Lucas a vu un objet bizarre sur le muret de la fontaine.


Un objet extraordinaire


« Elle est là papa… »


Maurice aperçut la chose que son fils Lucas, à la fois excité et craintif, n’avait pu lui décrire en rentrant de l’école par un après-midi de juin. Tous deux avancèrent prudemment, ne sachant pas à quoi ils avaient affaire ils restèrent à bonne distance.


– Tu vois comme elle est transparente, dit Lucas.

– Transparente ! Elle me semble plutôt très noire. Elle scintille par moments, je me demande si ce n’est pas radioactif.

– Vous regardez quoi ? s’enquit le voisin, un octogénaire sorti sur le seuil de sa maison.

– Là juste devant chez vous Mathias, sur le muret de la fontaine, répondit le père. Un truc pas très catholique.

– Je ne vois rien !


Puis après un moment d’observation.


– Ah ! cette pierre brune.

– Elle n’est pas brune et ce n’est pas une pierre, rétorqua l’enfant, elle est lumineuse. Papa pense que c’est du radia… radia… tif.

– En tout cas, il vaut mieux se méfier. Restez ici tous les deux, je cours prévenir le maire.


Le maire n’était pas chez lui et le temps d’aller le trouver à sa ferme où la traite avait commencé il se passa une bonne demi-heure. À son retour avec le magistrat Maurice s’aperçut qu’un attroupement s’était déjà formé d’où émanait la rumeur de conversations animées.


– Elle brille comme un diamant !

– Pas du tout ! Elle est si sombre qu’on ne la verrait pas dans le noir. À coup sûr que c’est une météorite.

– Elle produit tout de même des étincelles, faut être aveugle pour ne pas s’en apercevoir.
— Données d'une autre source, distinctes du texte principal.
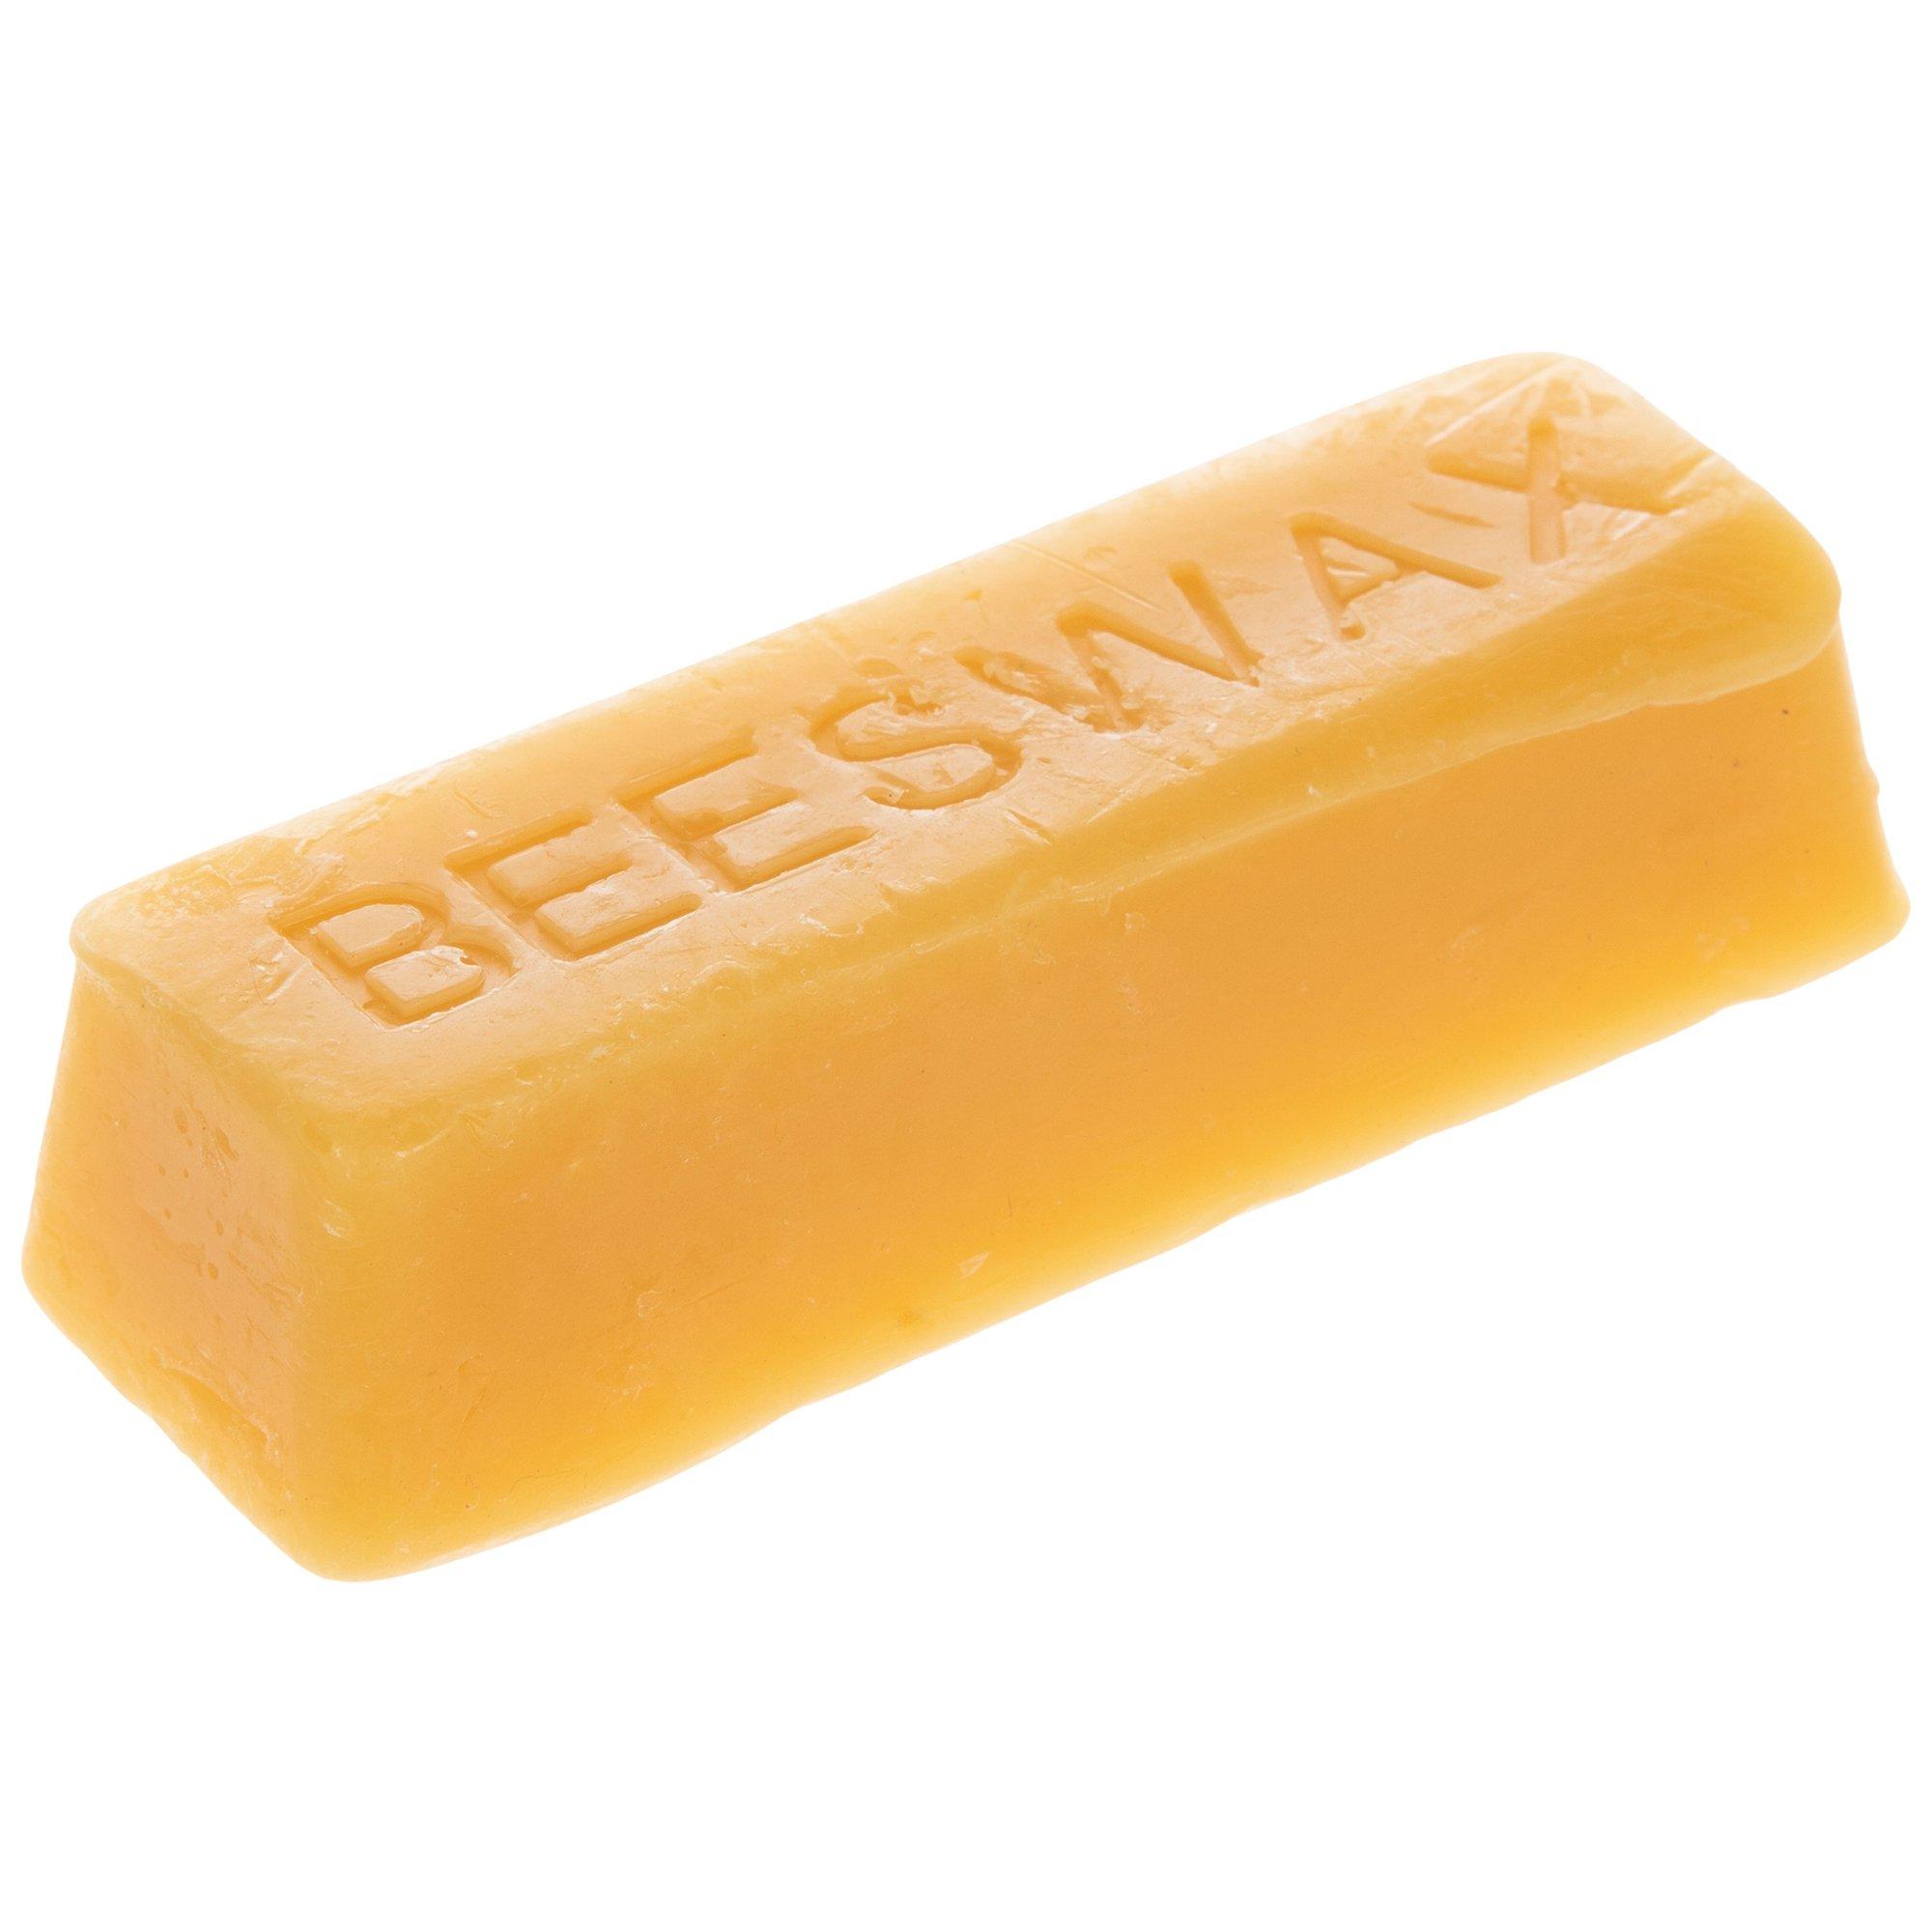 Beeswax in a 1 Ounce Bar for Waxing Thread or Leather, Thread Conditioner, Beeswax  for Sewing Thread, Beeswax for Beading Cord

– En tout cas ce n’est pas une pierre.

– On dirait du plastique !

– Plutôt du verre.

– N’importe quoi, c’est de la brique rouge !

– Va voir l’oculiste, t’es daltonien mon gars. Ce machin est bleu comme le ciel.

– C’est aussi qu’il a une drôle de forme cet engin. Pointu d’un bout et rond de l’autre.

– Franchement, on dirait qu’on ne regarde pas la même chose, je dirais moi que c’est tout plat.


Il semblait que personne ne pouvait s’accorder, comme si chacun voyait un objet différent. À ce moment, le curé averti par une paroissienne se mêla au groupe des curieux. Le maire et lui s’approchèrent en demeurant toutefois à un mètre environ de cette étrangeté. Ils furent rejoints par Julien le mécréant du village qui venait dire son mot.


– Quelle beauté, aussi pure que l’Immaculée Conception. C’est un message du bon Dieu, proclama l’ecclésiastique.

– Pourquoi pas la Sainte Vierge, ricana Julien.


Le curé s’avança de deux pas et avant que le maire ait pu le retenir, il saisit l’objet. Mais sur ordre du maire il le reposa aussitôt et c’est alors que le mécréant s’en empara, déclenchant une bagarre générale où s’échangèrent entre croyants, incroyants et neutres des coups qui laissèrent des traces sur les visages et les membres de nombreux villageois.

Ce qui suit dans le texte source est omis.